Table 3 present the results of the regression.
Estimate | Std. Error | t value | [math]\displaystyle{ Pr(\gt |t|) }[/math] | |
---|---|---|---|---|
(Intercept) | 53.3333 | 16.3704 | 3.26 | 0.0011 |
Biology | 10.2642 | 16.3921 | 0.63 | 0.5312 |
Business | 1.2444 | 16.9073 | 0.07 | 0.9413 |
Chemistry | 0.8607 | 16.4436 | 0.05 | 0.9583 |
Clinical | 11.2043 | 16.3972 | 0.68 | 0.4945 |
Computer | -3.7516 | 16.4881 | -0.23 | 0.8200 |
Engineering | -3.2855 | 16.4291 | -0.20 | 0.8415 |
Social | -1.0606 | 18.4683 | -0.06 | 0.9542 |
Mathematics | -3.4000 | 16.7747 | -0.20 | 0.8394 |
Natural | -1.8893 | 16.4535 | -0.11 | 0.9086 |
Physics | 32.2561 | 16.4086 | 1.97 | 0.0494 |
Table 3 shows that only Physics has an h-index which significantly differs from the others.
However, consistently with the observed histogram, the distribution of the hindex is skewed and cannot be considered Gaussian. In line with what discussed in the methodological section, we can assume a Poisson distribution for the hindex and apply a generalised linear regression model with a Poisson link. Table 3 present the results of the Poisson regression.
Estimate | Std. Error | t value | [math]\displaystyle{ Pr(\gt |t|) }[/math] | |
---|---|---|---|---|
(Intercept) | 3.9766 | 0.0791 | 50.30 | 0.0000 |
Biology | 0.1760 | 0.0791 | 2.22 | 0.0262 |
Business | 0.0231 | 0.0816 | 0.28 | 0.7774 |
Chemistry | 0.0160 | 0.0794 | 0.20 | 0.8402 |
Clinical | 0.1907 | 0.0792 | 2.41 | 0.0160 |
Computer | -0.0729 | 0.0797 | -0.92 | 0.3599 |
Engineering | -0.0636 | 0.0794 | -0.80 | 0.4230 |
Social | -0.0201 | 0.0894 | -0.22 | 0.8222 |
Mathematics | -0.0659 | 0.0811 | -0.81 | 0.4169 |
Natural | -0.0361 | 0.0795 | -0.45 | 0.6500 |
Physics | 0.4730 | 0.0792 | 5.97 | 0.0000 |
From table 3 note that, at a significance level of 5%, not only Physics, but also Biology and Clinical Sciences have an h-index which is significantly higher than for the other fields. This result is indeed more coherent with 3 than what obtained with the Guassian linear model in 3, bringing further evidence to the assumption of a Poisson distribution for the h-index.

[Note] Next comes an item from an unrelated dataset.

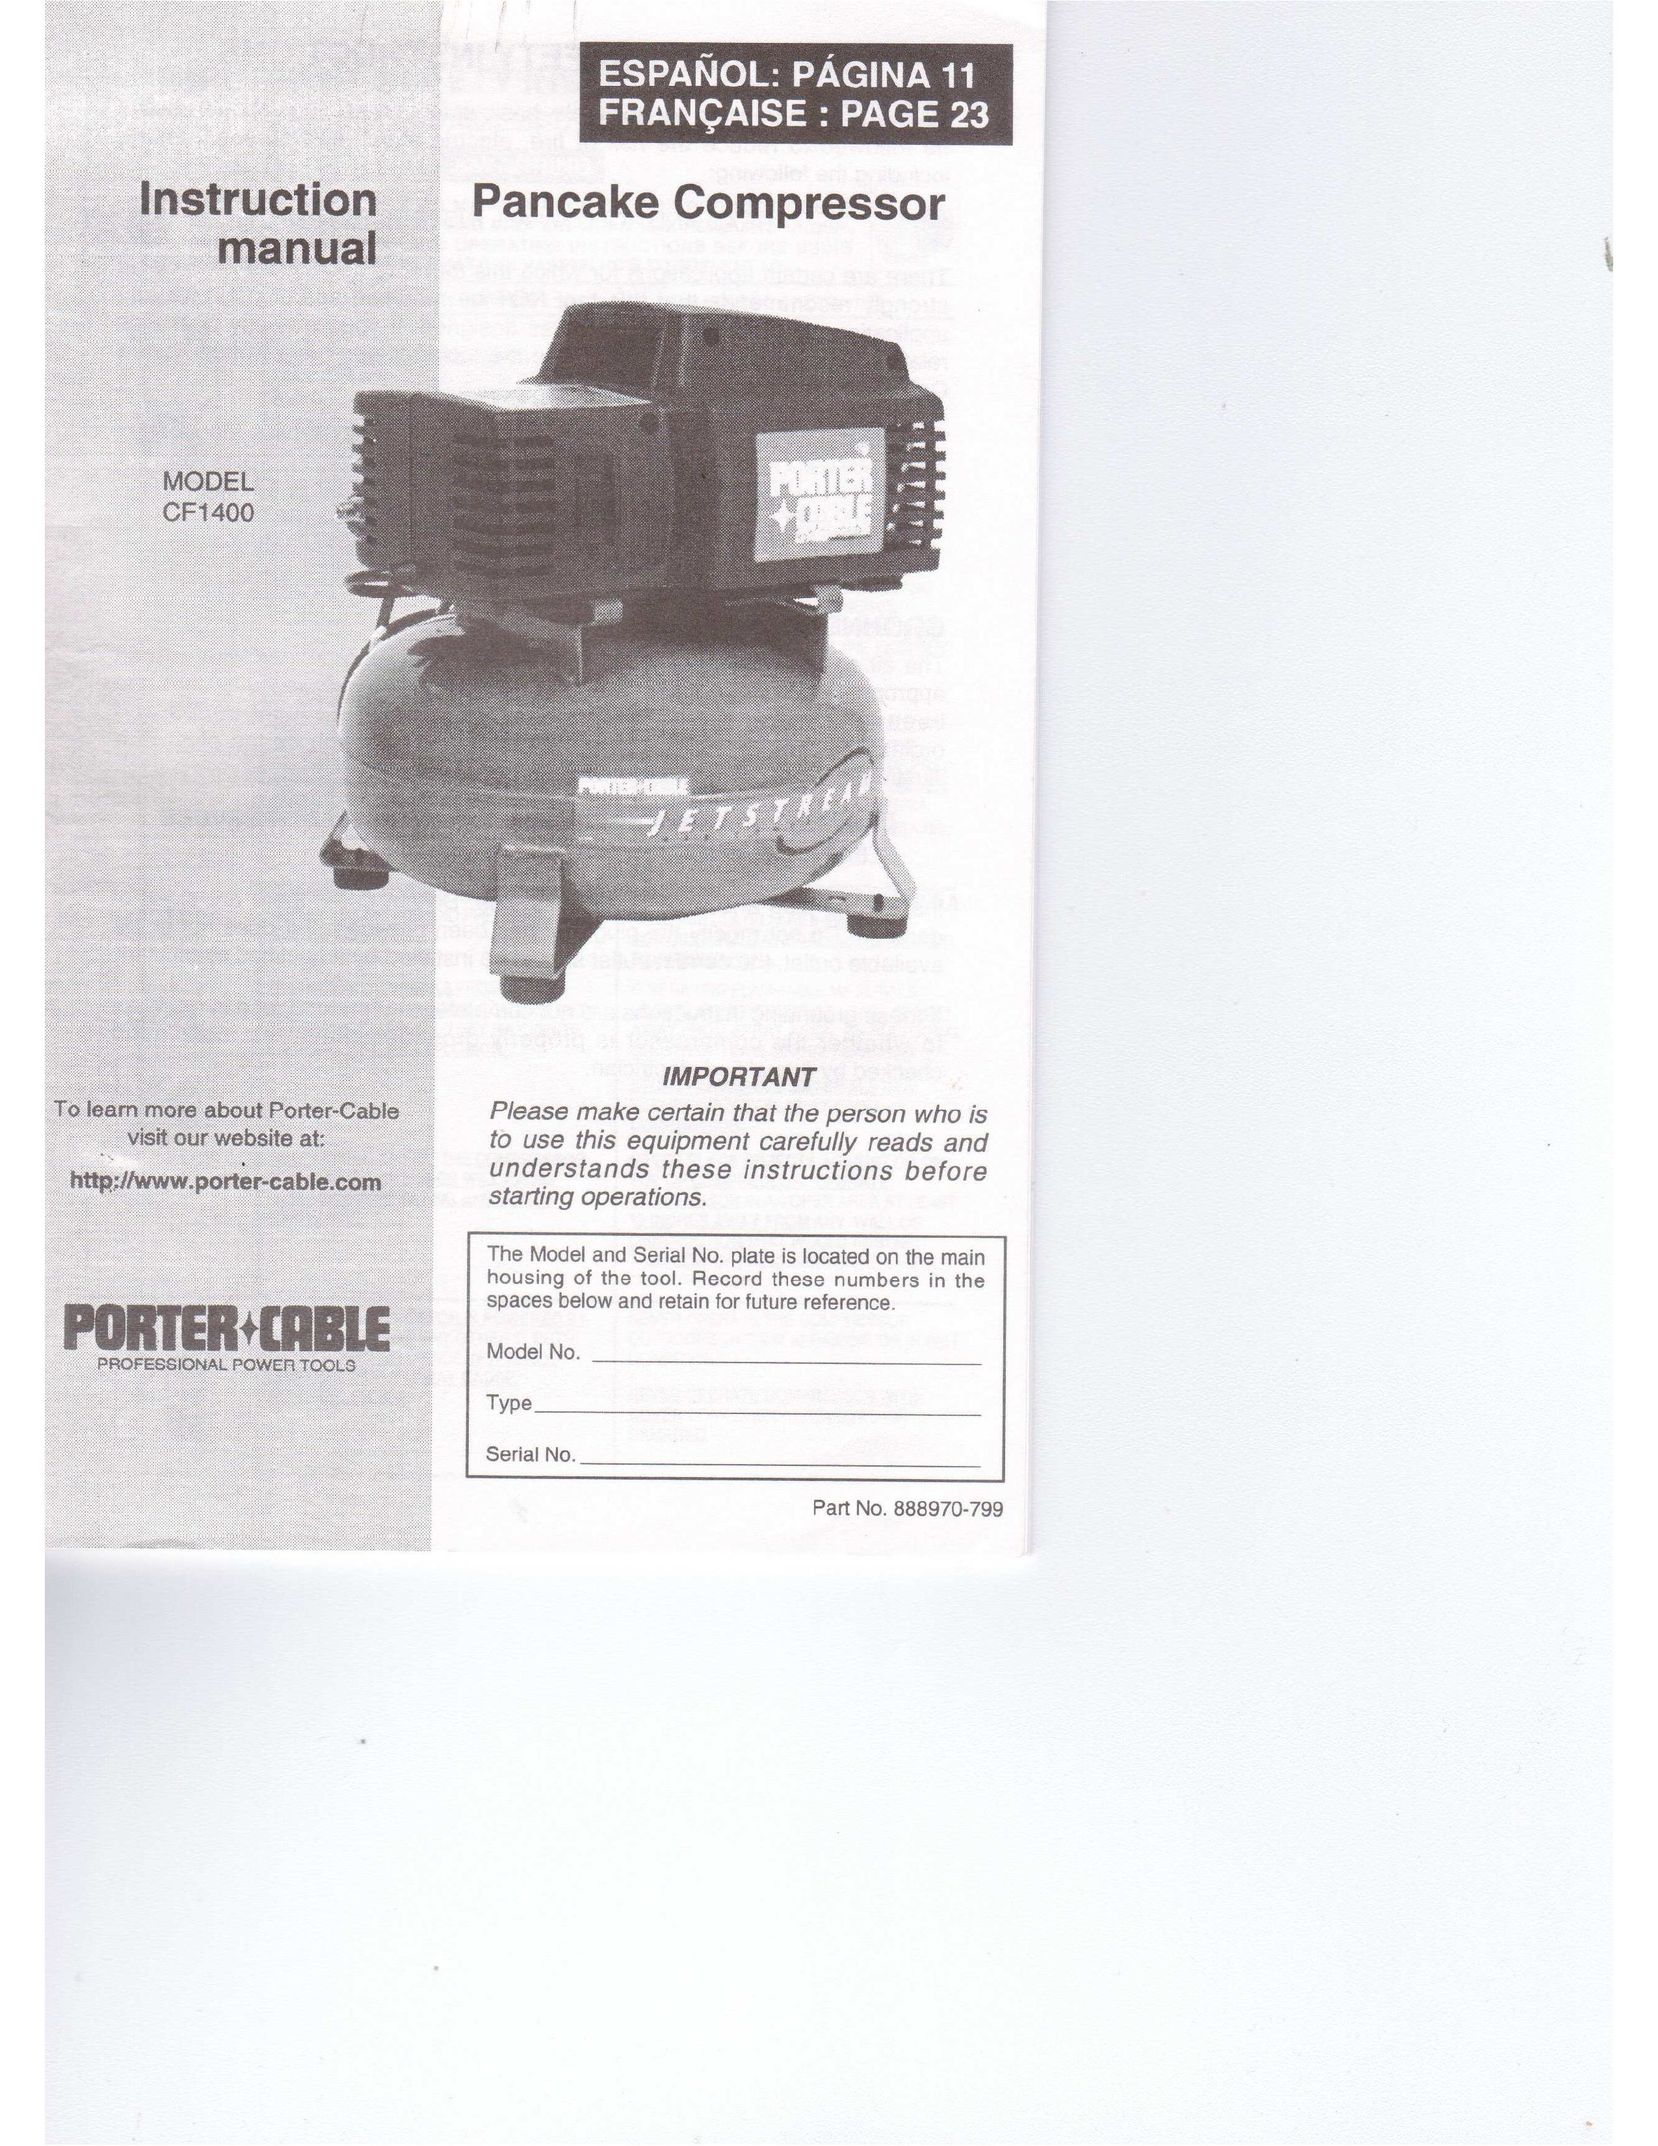 Porter-Cable 888970-799 Air Compressor User Manual
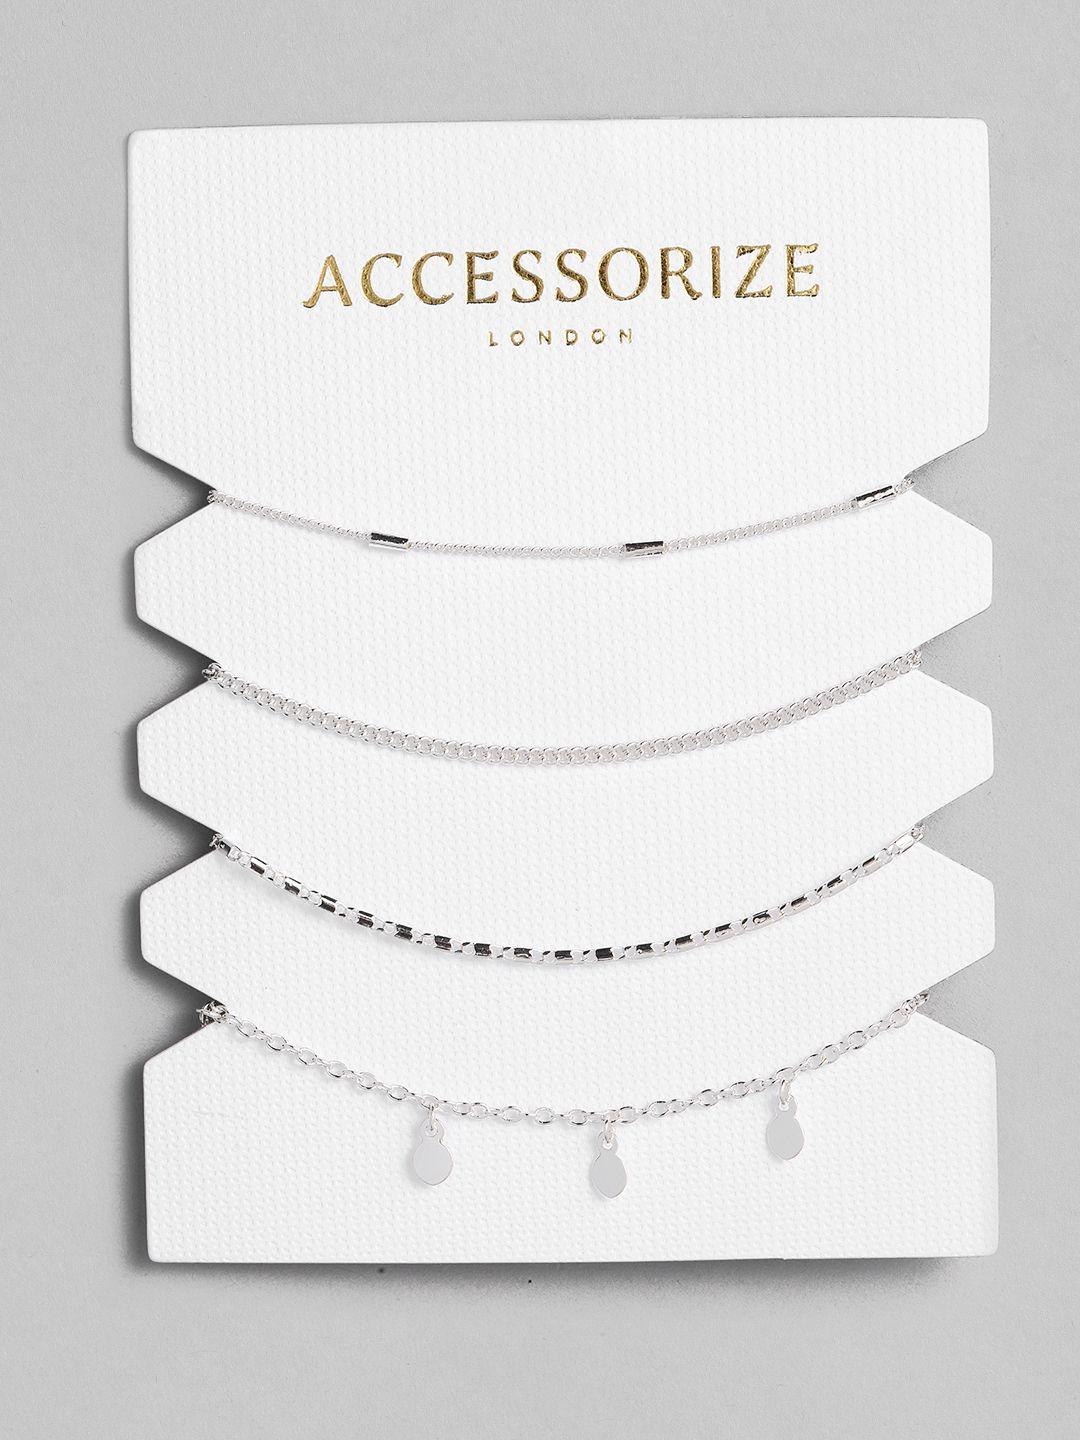 accessorize set of 4 silver-toned charm bracelets

To robustify our results, we now consider the application of another explainable by design model, a regression tree.
Similarly to what done before, we consider the h-index as the response variable to be partitioned according to the found groupings of the binary variables that describe the scientific fields.
Figure 4 reports the results of the application of a regression tree model on the whole sample.
Figure 4 shows that Physics, Clinical Sciences, Biology, along with Chemistry, are the only relevant variables in the regression trees, in line with the results obtained with the Poisson regression. Evidently, the tree model, being non linear, can capture the deviation from the Gaussian distribution similarly to the Poisson regression.
Declarations
Conflict of Interest
The Authors declare that there is no conflict of interest.